Rebecca sprints beside me. By the time we stumble through the door, we're both soaked through.
She's laughing, breathless, water streaming down her face. Her shirt is plastered to her body. I force myself to look away while I grab towels from the supply cabinet.
"Here." I hold one out.
She takes it, our fingers brushing. The contact sends heat up my arm.
We dry off in silence. The air between us feels charged, dangerous. Three days of careful distance, and now we're trapped in here together with nothing but the sound of rain hammering the roof.
"Joseph," she says softly.
I look at her. Her hair's dripping, her shirt clinging to curves I've been trying not to think about. She's staring at me with an expression I recognize because I've been wearing it for three days.
Want. Need. The same hunger that made her reach for my belt before she pushed me away.
"Yeah?"
She crosses the space between us in three steps and kisses me.
No hesitation this time. No pulling back. Just her mouth on mine, urgent and sure, like she's made a decision and this is it.
I respond instantly, backing her against the supply cabinet, my hands finding her waist. She makes that sound again—the little gasp that's been haunting my dreams—and I deepen the kiss.
Her hands slide up my chest, over my shoulders, into my hair. When she tugs, I groan against her mouth.
"Touch me," she whispers.
I don't need to be told twice.
My hands slide under her wet shirt, finding warm skin. She arches into my touch, her breath catching. I palm her ribs, her sides, learning the shape of her while rain drums overhead.
Somewhere in the fumbling urgency, shirts come off. Her hands explore my bare chest while I kiss down her neck, her collarbone. When I cup her breast, she moans into my mouth.
"Joseph—"
I take her nipple in my mouth and she gasps, her back arching off the cabinet. I work her with my tongue while my hand finds her other breast, and the sounds she makes are better than anything I imagined.
Her hands fumble with my belt.
This time I don't stop her.
The buckle gives way. Her hand slides inside my jeans, wrapping around me through my boxers, and I see stars.
"Jesus, Rebecca—"
A crash of thunder directly overhead makes us both jump.

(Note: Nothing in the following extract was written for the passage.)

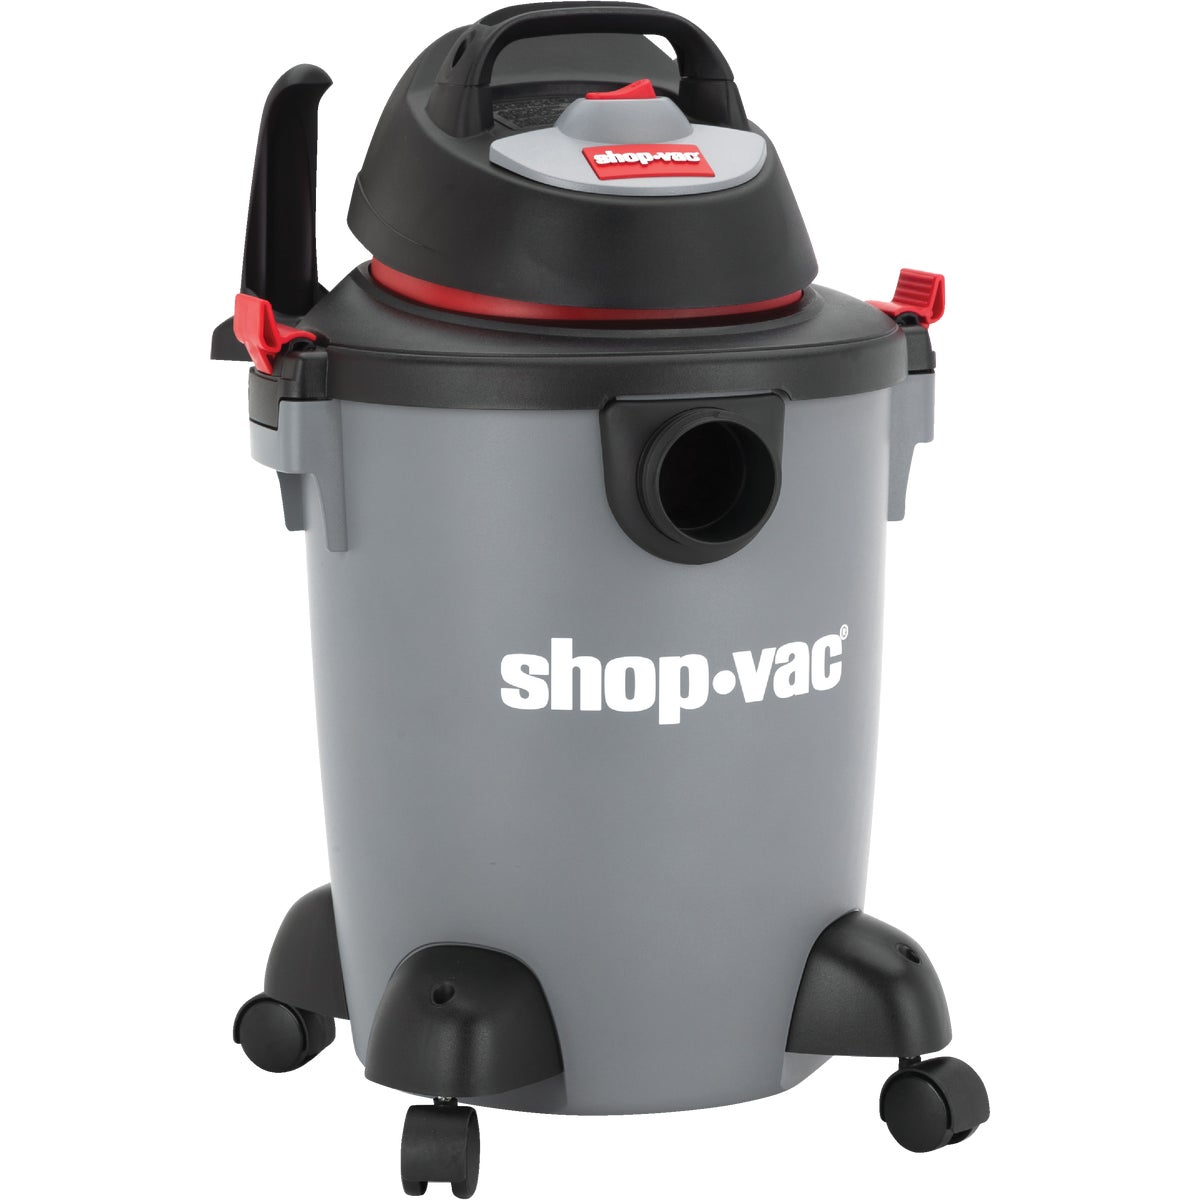 6GAL WET/DRY VAC - 9650600 by Shop Vac Corp

The lights flicker once, twice, then die completely.
The barn plunges into darkness except for the occasional flash of lightning through the cracks.
We freeze, breathing hard, still pressed against each other.

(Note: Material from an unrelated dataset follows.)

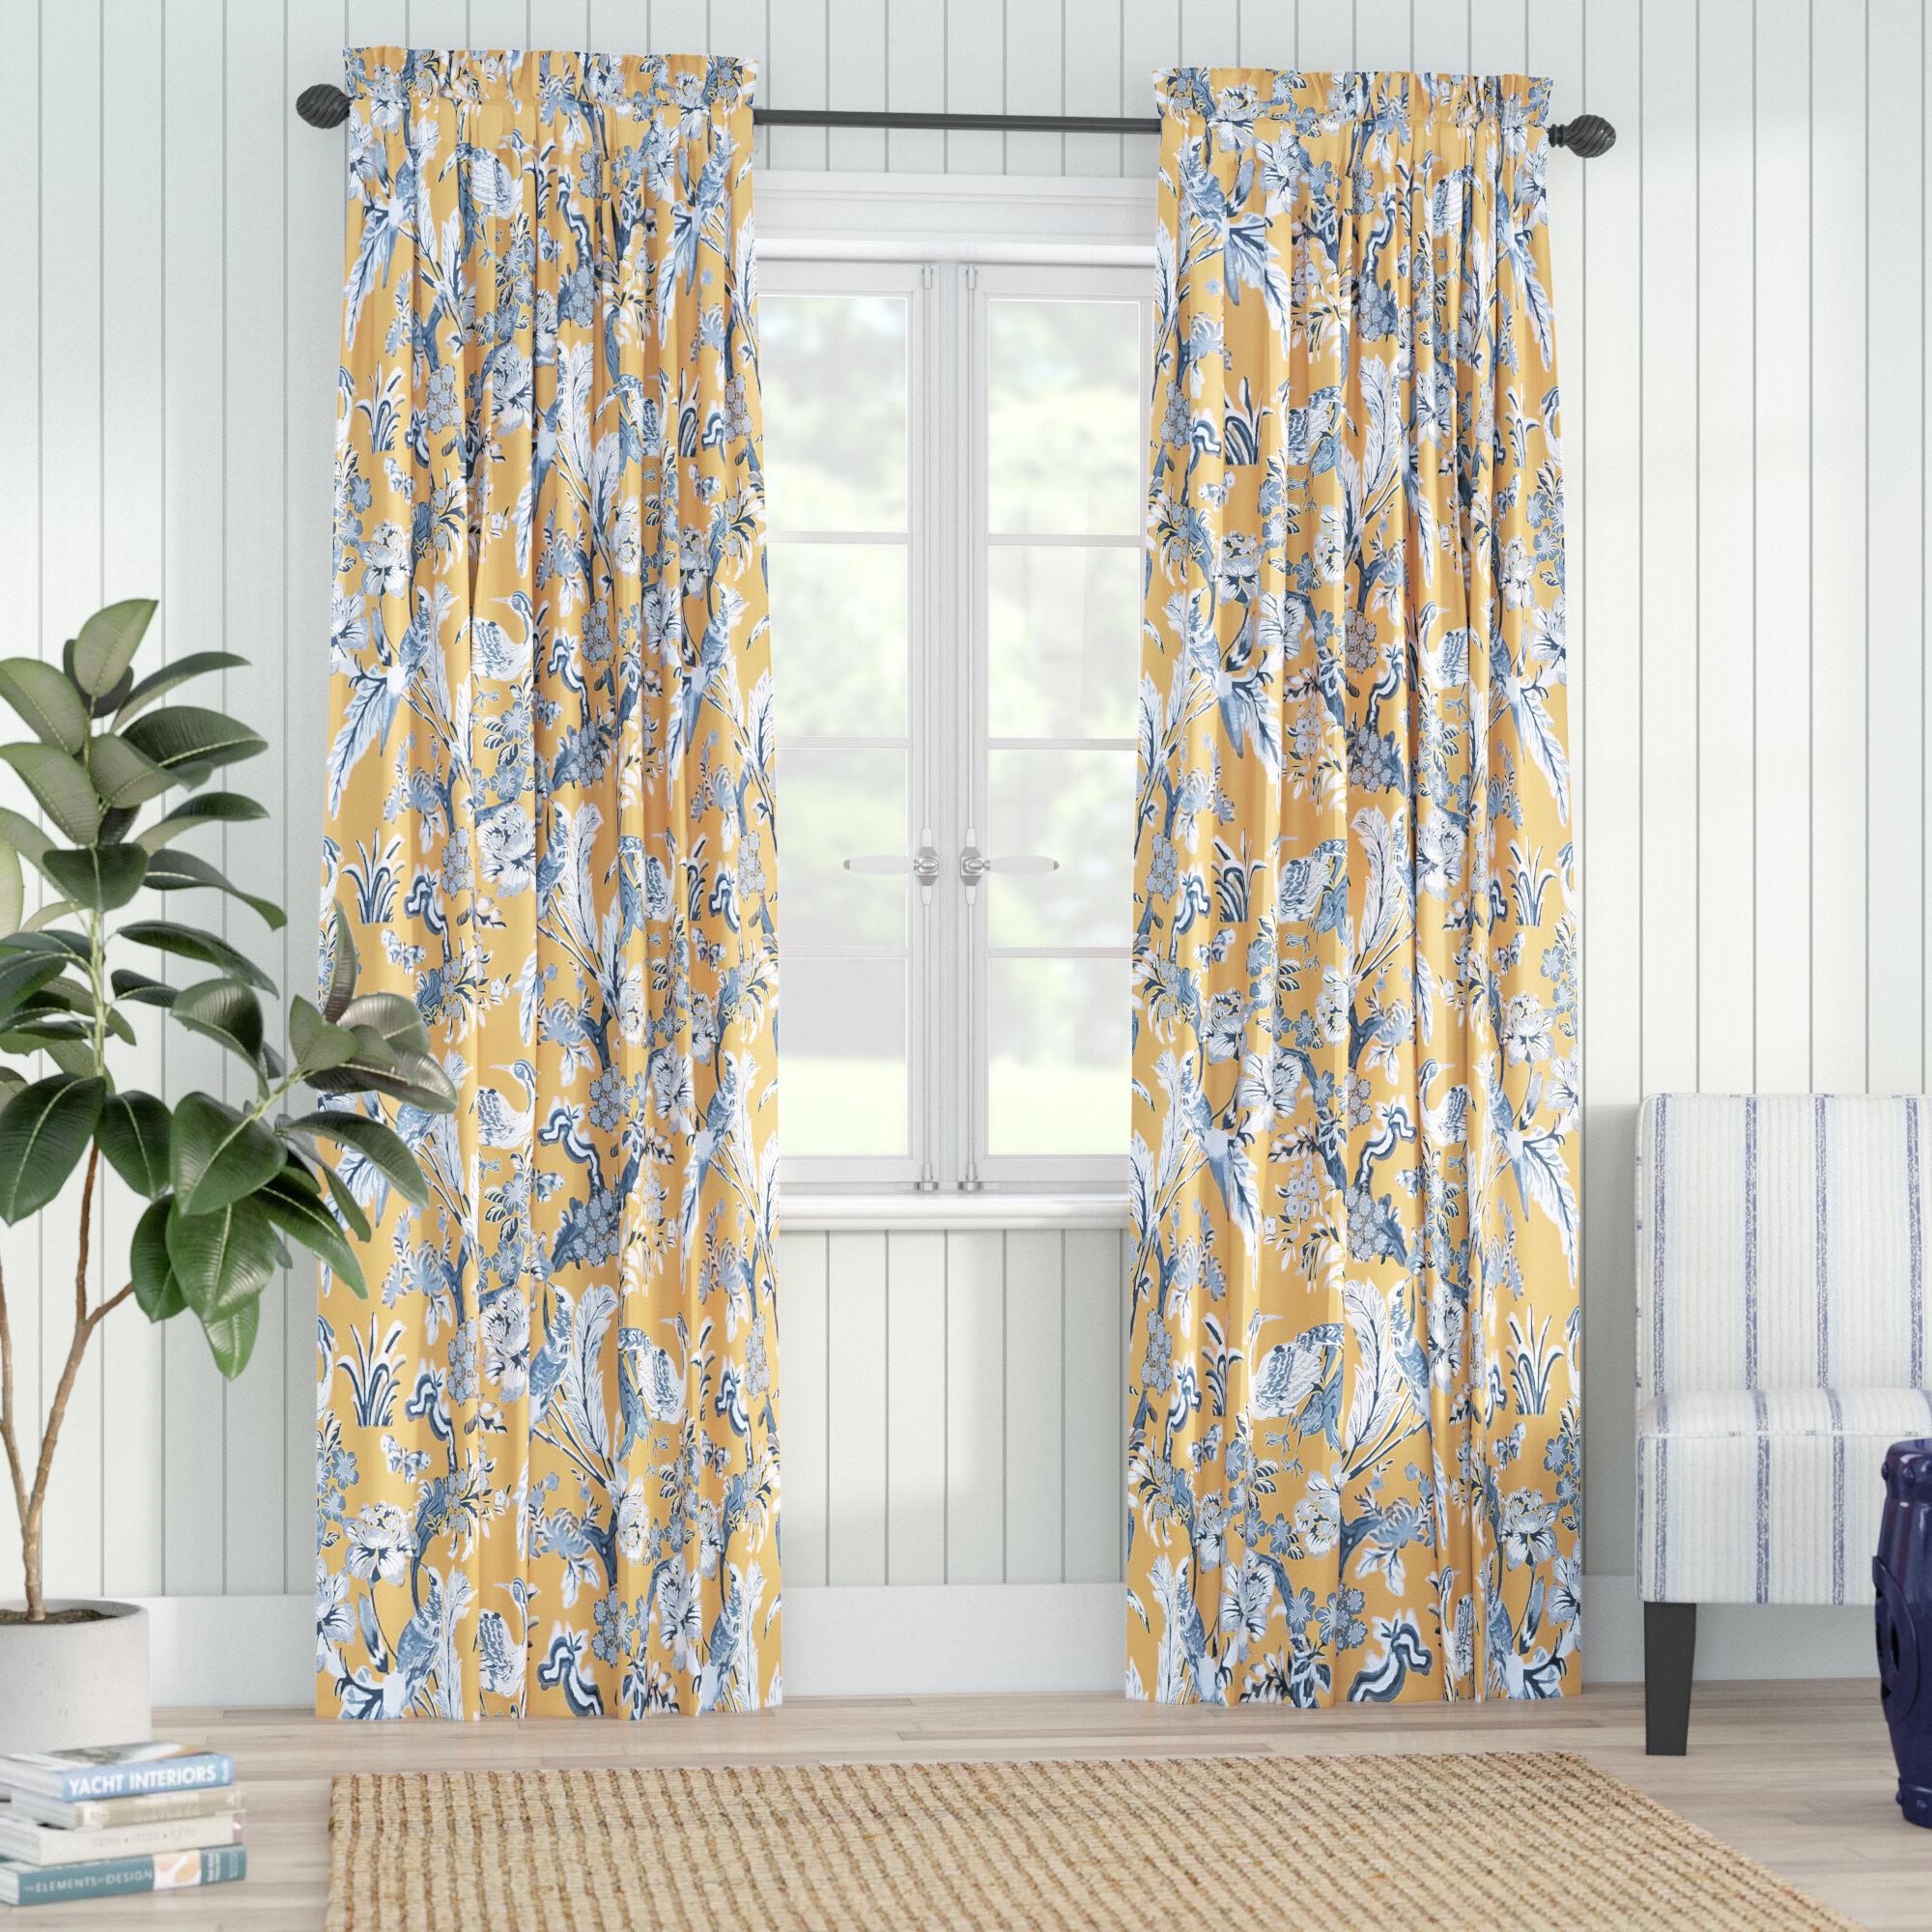 Bay Isle Home Panagia Floral Room Darkening Thermal Rod Pocket Curtain Panels Reviews Wayfair

"Power's out," I say unnecessarily.
"I noticed."
Another flash of lightning illuminates her face. She looks flushed, disheveled, beautiful.
And uncertain.
The moment's broken. We both feel it.
"I should..." She gestures vaguely toward the house.
"Yeah."
Neither of us moves.
"I'm not scared," she says. "Of this. Of you. I just—"
"I know."
And I do. She needs to be sure. Needs to know this is more than just apocalypse proximity and three days of tension. Needs to know she won't regret it when the haze clears.
I step back, giving her space. Find her shirt in the dark and hand it to her.

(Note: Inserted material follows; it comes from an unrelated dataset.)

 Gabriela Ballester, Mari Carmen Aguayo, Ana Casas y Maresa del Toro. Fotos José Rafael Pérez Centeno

She pulls it on. I do the same. The spell is broken but not gone—just banked, waiting.
"Joseph?"
"Yeah?"
"Thank you."
"For what?"
"For not making this hard."
I bark a laugh. "Oh, it's hard."
She swats my arm, and we both crack up, the tension breaking into something easier.
We make a run for the house through the rain, and when we get inside, soaked again, she kisses me once more at the bottom of the stairs.
Soft this time. Sweet. A promise of more when she's ready.
Then she heads up to shower, and I stand there dripping on the floor, counting the hours until she decides enough time has passed.